LaRoche up and quit, forfeiting a $13 million contract — but not before his teammates rose to his defense in what has been portrayed as a fiery team meeting. Ace pitcher Chris Sale was particularly worked up, demanding that Williams get out, and stay out, of the White Sox clubhouse, then calling him a liar to reporters.

The result is the liveliest national debate on the intersection of parenthood and sports since the Houston Oilers threatened to discipline offensive tackle David Williams for missing a game in order to attend the birth of his child back in 1993.

Though I greatly admire LaRoche’s devotion to his son, I place myself firmly on Team Williams, at least theoretically. I mean, it’s hard to argue with this statement by Williams: “We all think his kid is a great young man. I just felt it should not be every day, that’s all. You tell me, where in this country can you bring your child to work every day?”

The problem, however, is that more details have emerged that make this far less cut-and-dried than it first appeared. For instance, LaRoche says he signed with the White Sox in 2015 only after they agreed to this very arrangement. And now LaRoche says that Williams, rather than making the reasonable request to scale back Drake’s clubhouse time, told him he couldn’t come at all.

The whole thing was clumsily handled by Williams, muting his thoroughly defensible point that it’s not conducive to team-building for LaRoche to have his kid around 24/7. I’ve been in baseball clubhouses for three decades, and it’s always heartwarming to see players interacting with their children. I used to love watching Jamie Moyer hit grounders and throw BP to his sons in the early afternoon before games, and Felix Hernandez’s son is a delightful occasional presence in the Mariners’ clubhouse, as are other players’ kids.

But I’ve never seen someone have his child around as extensively as LaRoche, and I could see where it might grate on some players, even if they don’t want to admit it publicly. It seems like reasonable men should have been able to work out a compromise that would have kept the White Sox from erupting into open warfare.

The next issue is also about kids and culture, in a roundabout way. I’m speaking about the grumpiest of old men, Goose Gossage, who this week pretty much threw the entire generation of modern ballplayers under the team bus while fuming about how much better things were in his day.

Now, I’m a big fan of Gossage the pitcher, who was the most intimidating closer I’ve ever seen. I actually had a chance to cover him during his waning days with the Giants — one of seven teams he played for in his final seven years — and he was a blast to interview.

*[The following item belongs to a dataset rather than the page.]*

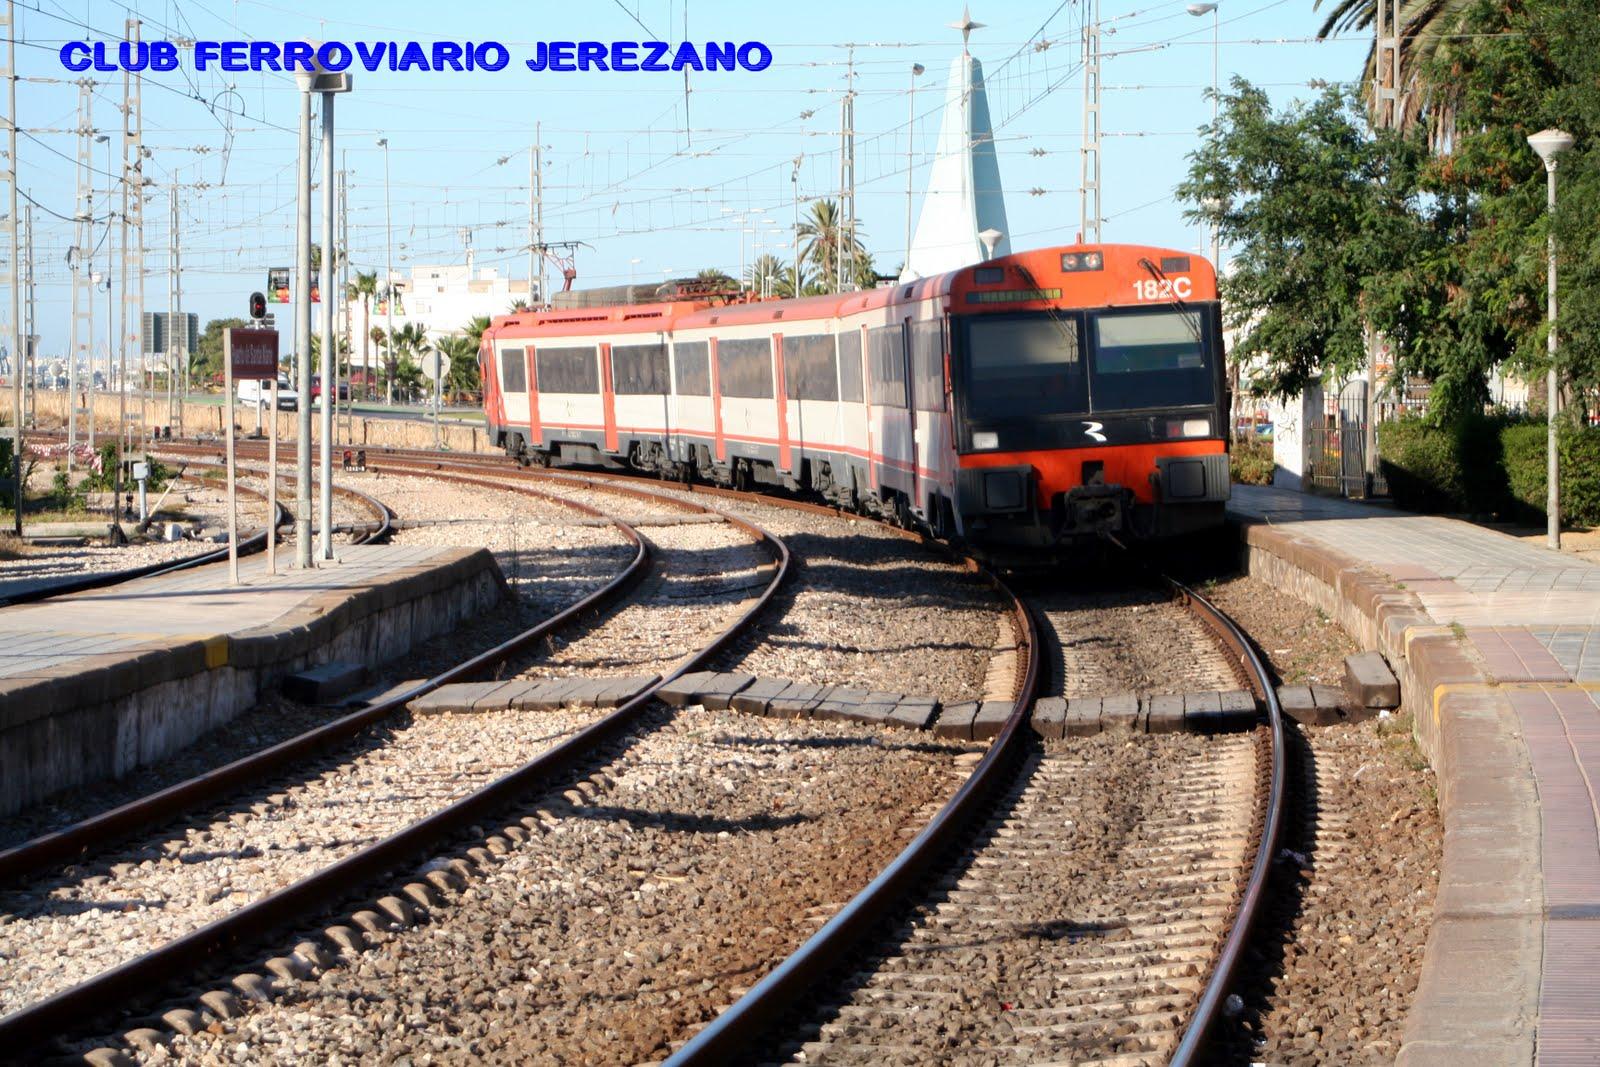 Club ferroviario jerezano estaci n puerto de santa mar a - Estacion de tren puerto de santa maria ...

But I’m here to say Gossage gets a big, fat goose-egg on this rant. And I’ll leave out the part where he ripped the front-office “nerds” who are turning baseball into a “joke,” castigated the rule changes regarding home-plate collisions and slides into second base, and lambasted instant replay — even though he was off-base on all those fronts.

The part that really rubbed me wrong was Gossage’s all-too-familiar criticism of today’s players for their celebrations and general flamboyance.

“I can’t stand to watch this game, the way it’s changed and the way guys act,’’ he told ESPN 1000, one of many interviews Gossage gave last week. “If I see one more pie in somebody’s face, I’m gonna break my TV.”

He reserved his harshest diatribe for Jose Bautista’s bat flip after his decisive three-run homer in last year’s Division Series.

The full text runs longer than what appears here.